*** Entries supplied Section Begins ***

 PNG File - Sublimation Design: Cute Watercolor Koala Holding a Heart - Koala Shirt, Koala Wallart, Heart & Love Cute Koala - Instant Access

*** Entries supplied Section Ends ***
*** Entries supplied Section Begins ***

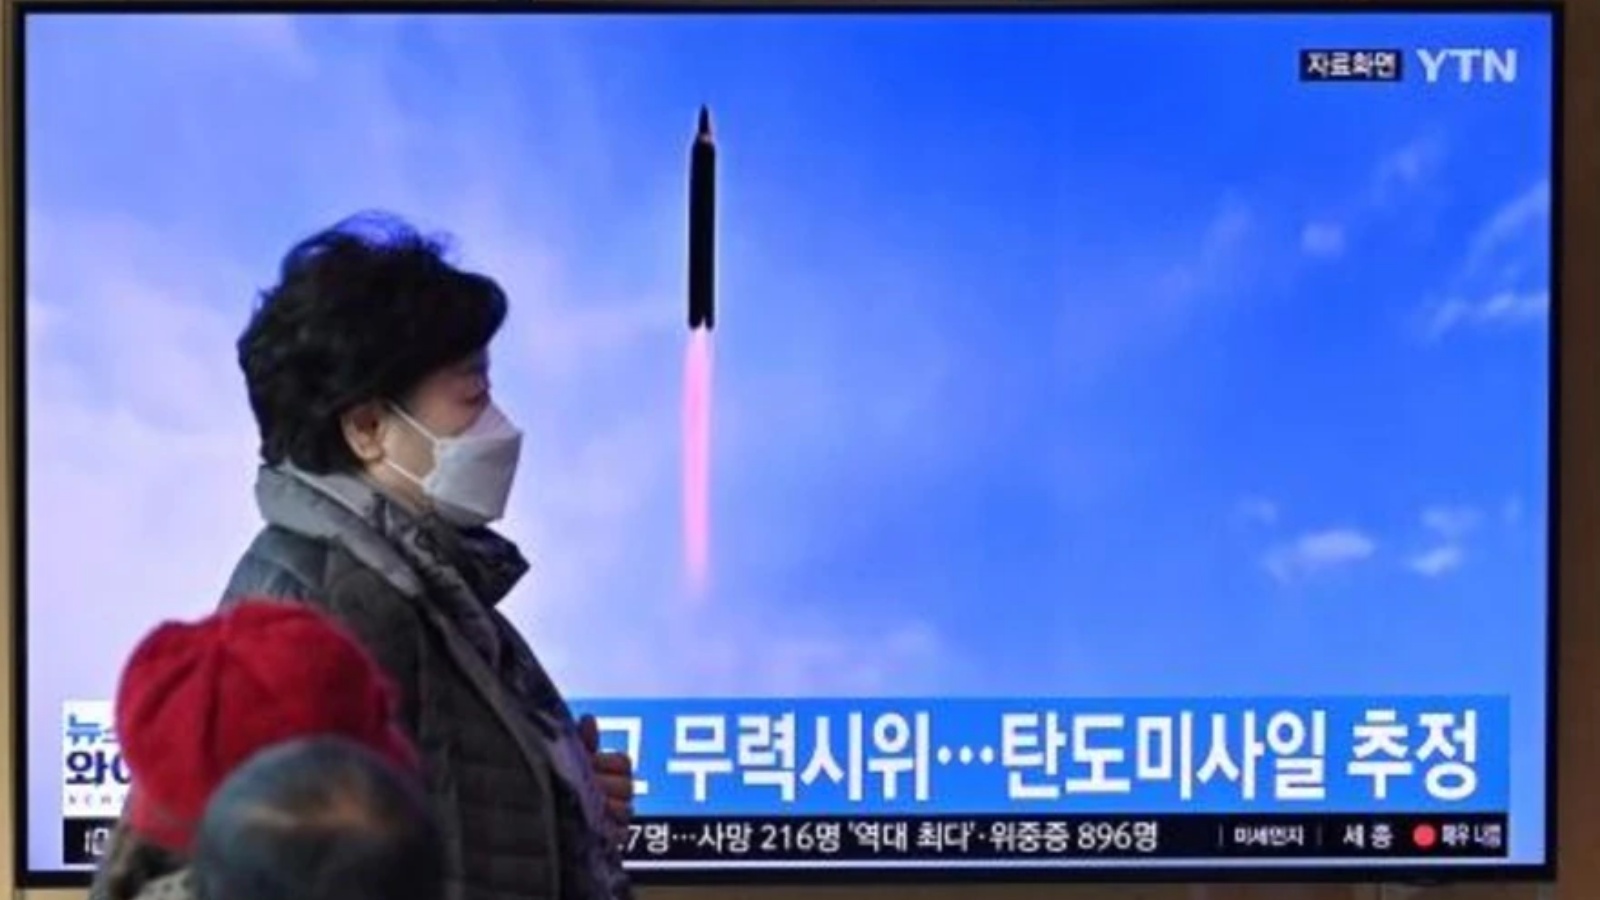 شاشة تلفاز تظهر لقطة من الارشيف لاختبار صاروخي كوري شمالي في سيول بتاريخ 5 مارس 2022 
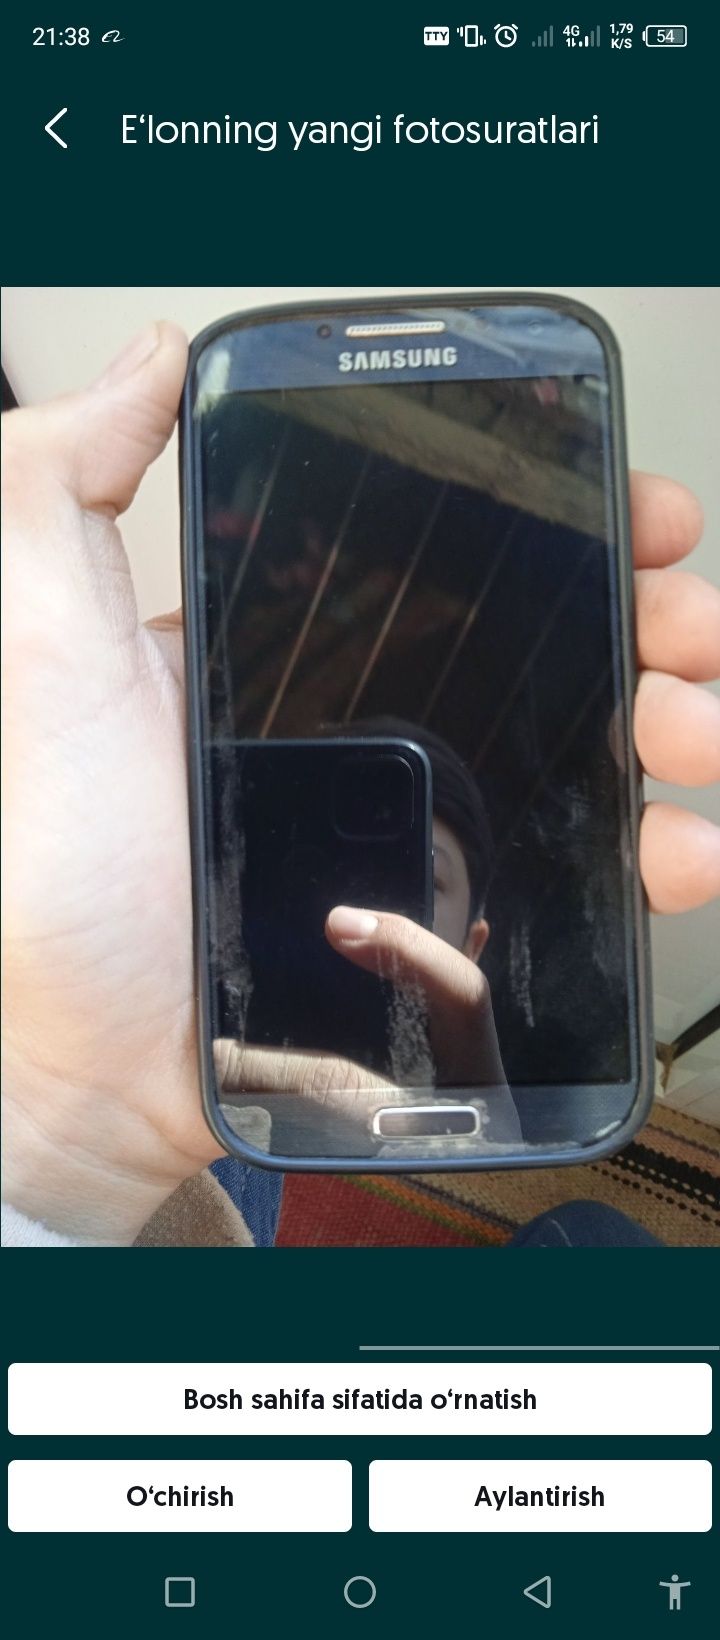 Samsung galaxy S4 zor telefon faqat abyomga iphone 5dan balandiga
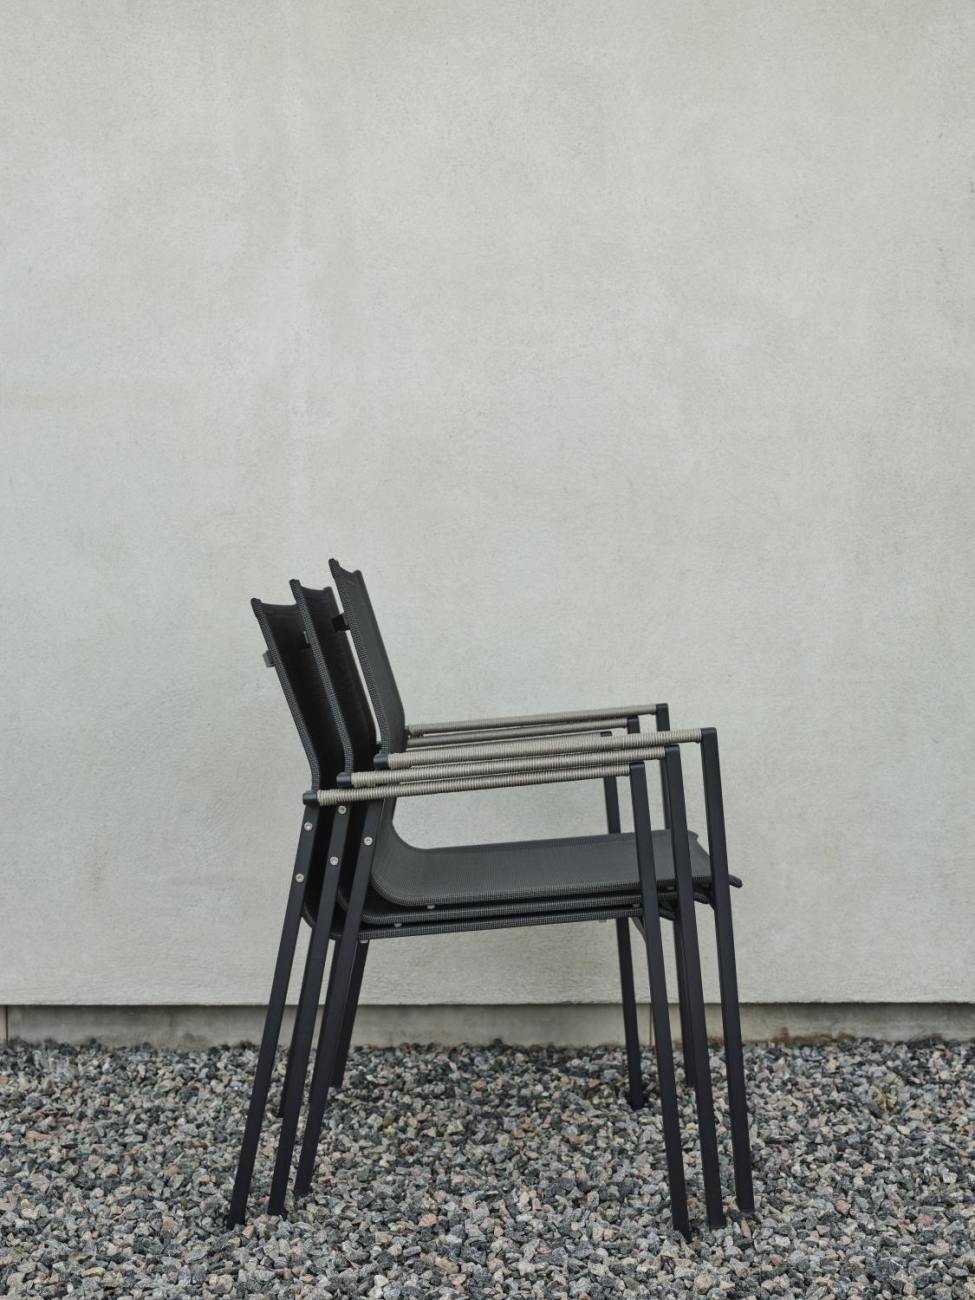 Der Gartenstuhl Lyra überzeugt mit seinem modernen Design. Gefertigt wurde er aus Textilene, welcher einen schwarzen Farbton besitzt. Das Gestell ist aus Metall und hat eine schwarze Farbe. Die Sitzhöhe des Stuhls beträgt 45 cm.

*** Entries supplied Section Ends ***
*** Entries supplied Section Begins ***

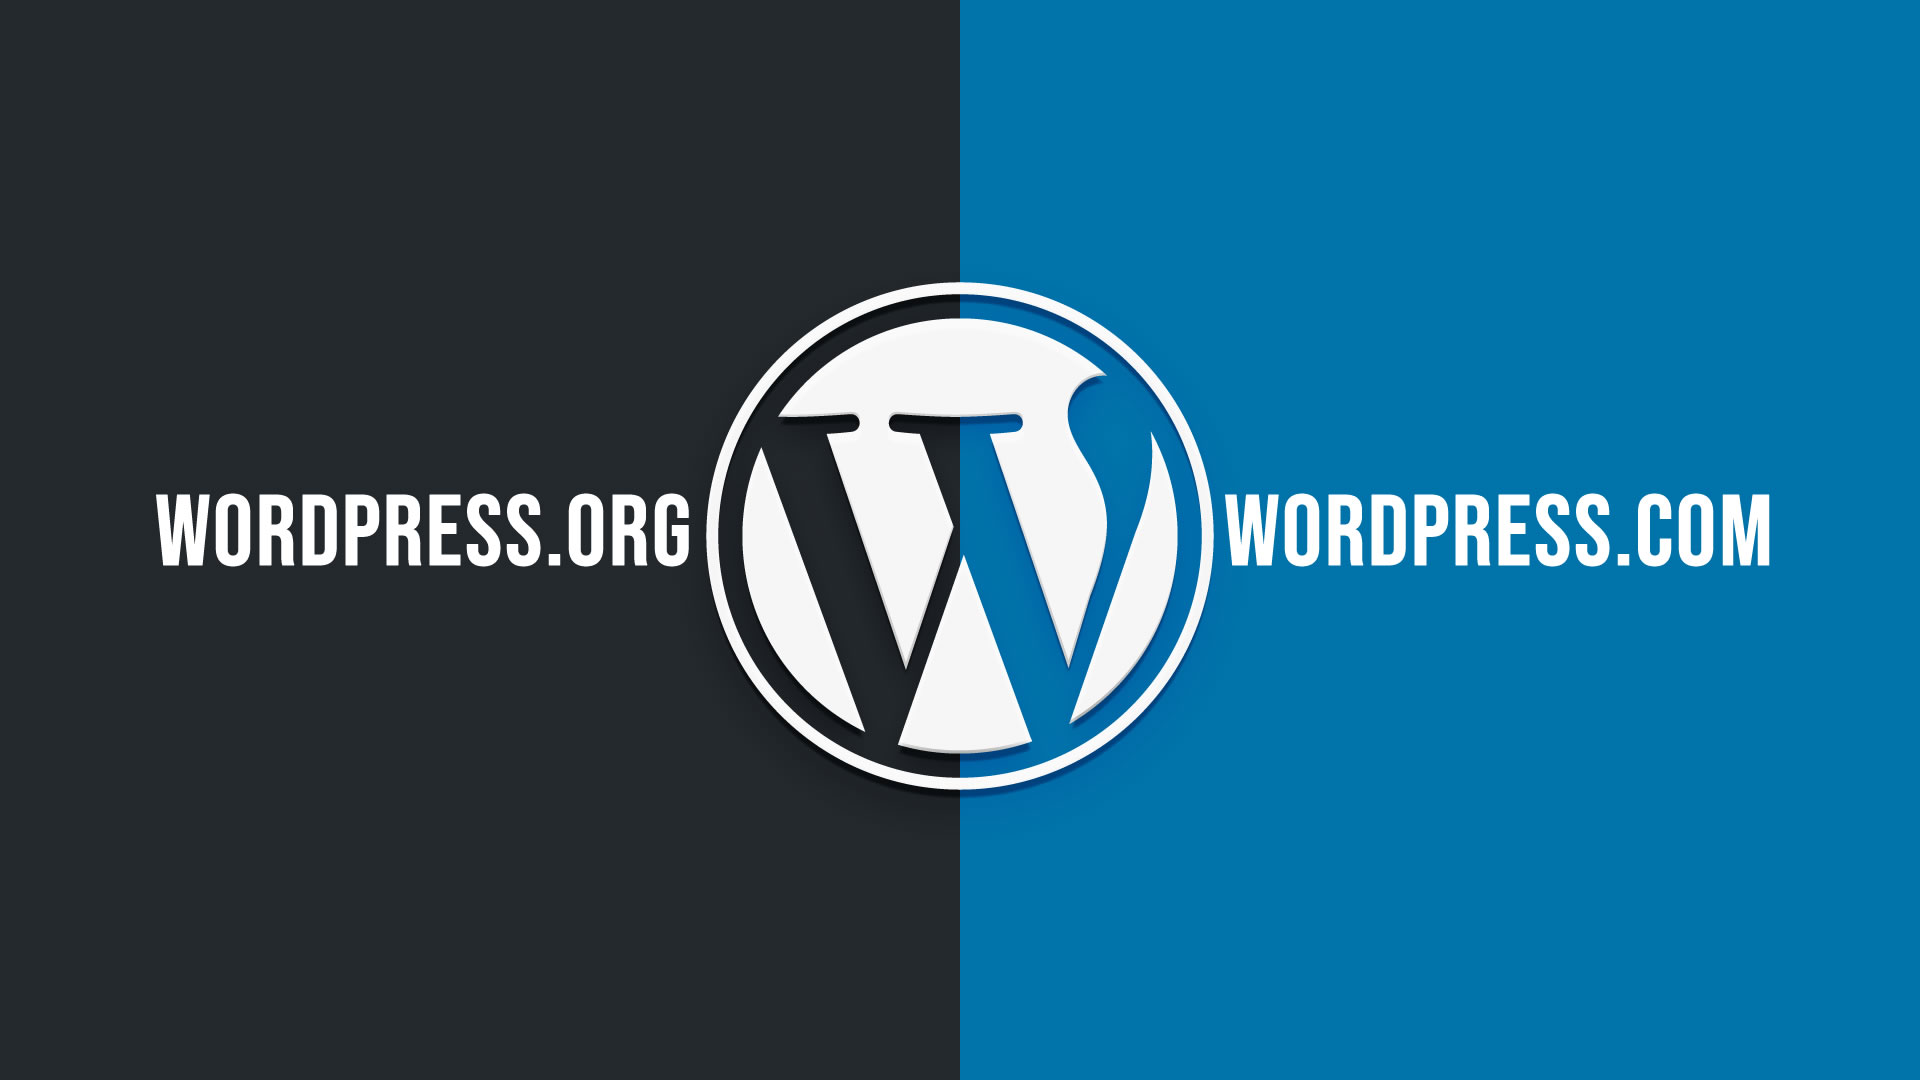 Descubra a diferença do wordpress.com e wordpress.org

*** Entries supplied Section Ends ***

--- Work task ---
Starting with the line that contains "شاشة تلفاز تظهر" and finishing with the line that contains "Der Gartenstuhl Lyra", reproduce every line of the material above exactly, but not the pictures.

--- Task response ---
 شاشة تلفاز تظهر لقطة من الارشيف لاختبار صاروخي كوري شمالي في سيول بتاريخ 5 مارس 2022 
 Samsung galaxy S4 zor telefon faqat abyomga iphone 5dan balandiga
 Der Gartenstuhl Lyra überzeugt mit seinem modernen Design. Gefertigt wurde er aus Textilene, welcher einen schwarzen Farbton besitzt. Das Gestell ist aus Metall und hat eine schwarze Farbe. Die Sitzhöhe des Stuhls beträgt 45 cm.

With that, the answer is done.